Recently I got a problem where several of my client's iPhones are unable to connect to SSID with Captive Portal. The popup said that the iPhone unable to connect to the SSID. Here is the condition:
1. My client's iPhone is given by their company. I do not know what kind of security setting that was applied to the phone.
2. The SSID is a guest network using captive portal with no Pre-Shared Key.
3. The captive portal is using ISE's CWA.
So I tried some troubleshooting. I modified the SSID by adding the PSK, but the user still has to accept T&C on the captive portal. The iPhone still could not connect with different error notification this time. The popup said that the password is wrong, but when I tried with another phone to connect to the SSID, it connected.
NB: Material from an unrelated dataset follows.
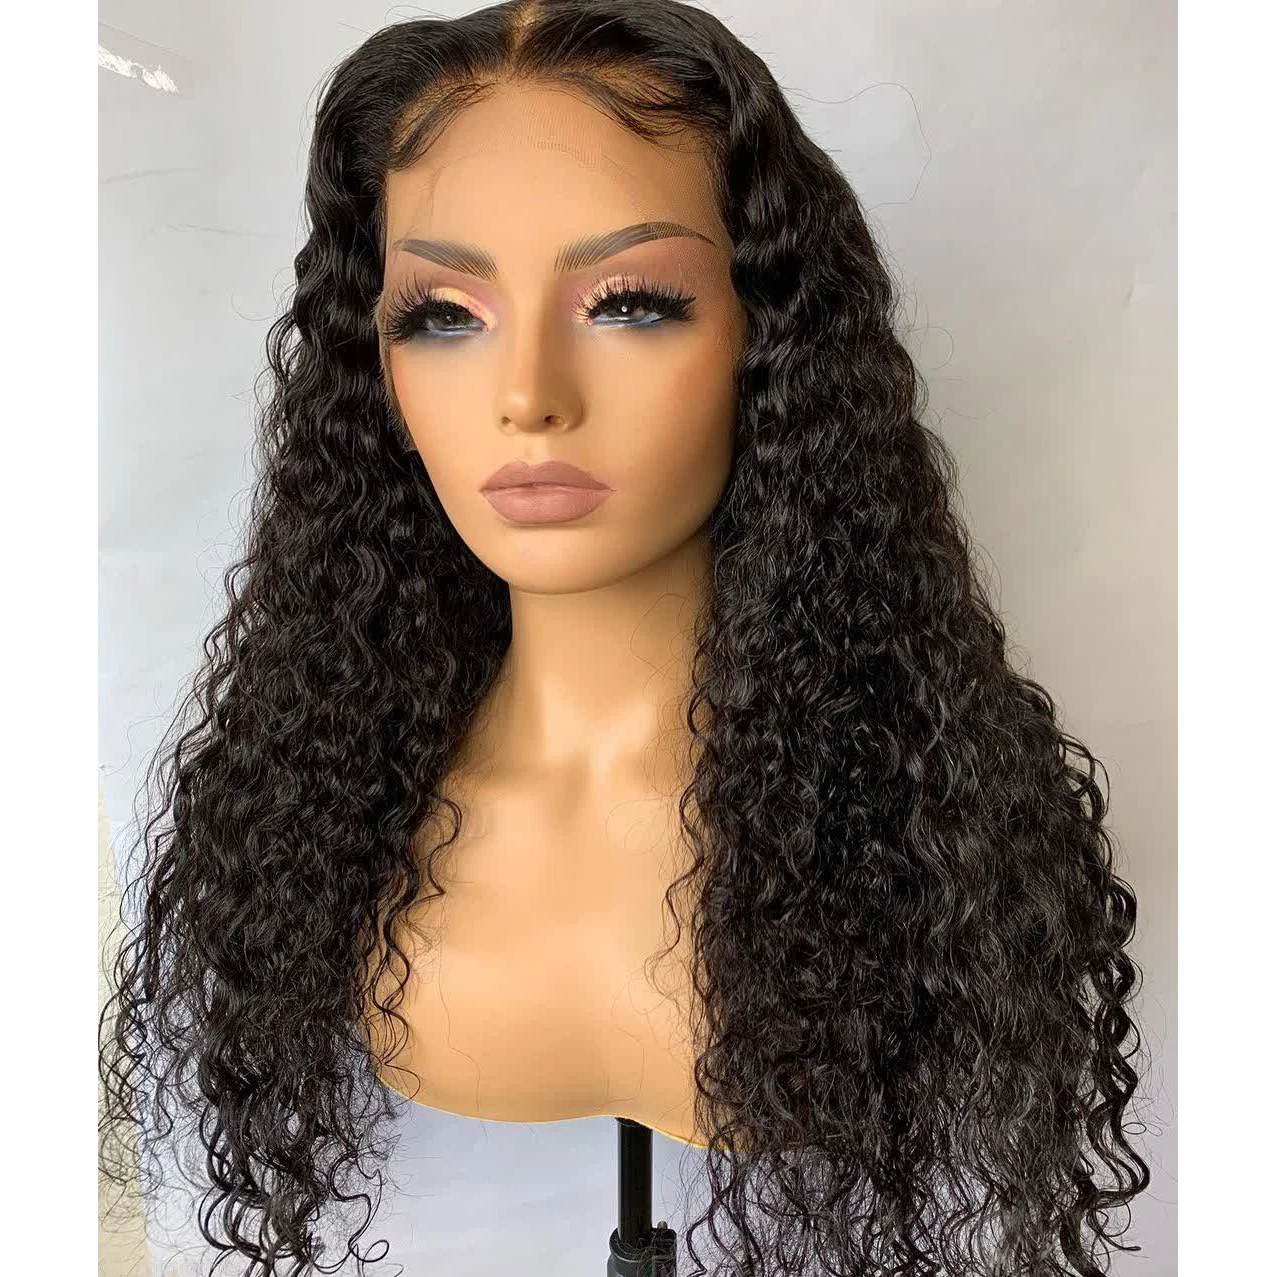 

Wholesale 13x4 curly closure frontal wig Peruvian lace front wigs natural curly for black women with pre plucked hairline

So I remove the captive portal setting, this time only using PSK, the iPhone connected to the SSID.
I have 2 wild guesses regarding this:
1. Is captive portal information is added to the beacon when the AP broadcasting the SSID? Because the iPhones acted strangely when connecting to SSID with captive portals, but not to SSID with PSK only.
2. Does iPhone with a certain security setting need to check to a certain IP address first before able to connect to an SSID? Because the captive portal setting is blocking every access but to the DHCP server and ISE.
Is any of my guess is right? Or is there something else happens on the background. Thank you.
Have you investigated the ISE Radius Logs for both of the devices - Wondering if you have multiple Policies and one Phone is hitting one whilst the other is hitting a different one?
The log was not even on the ISE, so I'm not sure if the phone got blocked by one of my rules. Did not check the log on WLC though.
I would perform another test. Create a new SSID and use a generic pass through portal on the controller, not in ISE and see if that works. If it doesn’t work and other iPhones work, it can be that the company is blocking the use of guest wireless with portal page. I know some companies that do this for laptops.
Will do if I got the chance in the future. Kinda curious regarding this one.
Do you know what is being checked by endpoint to reject captive portal? Is captive portal information broadcasted by AP?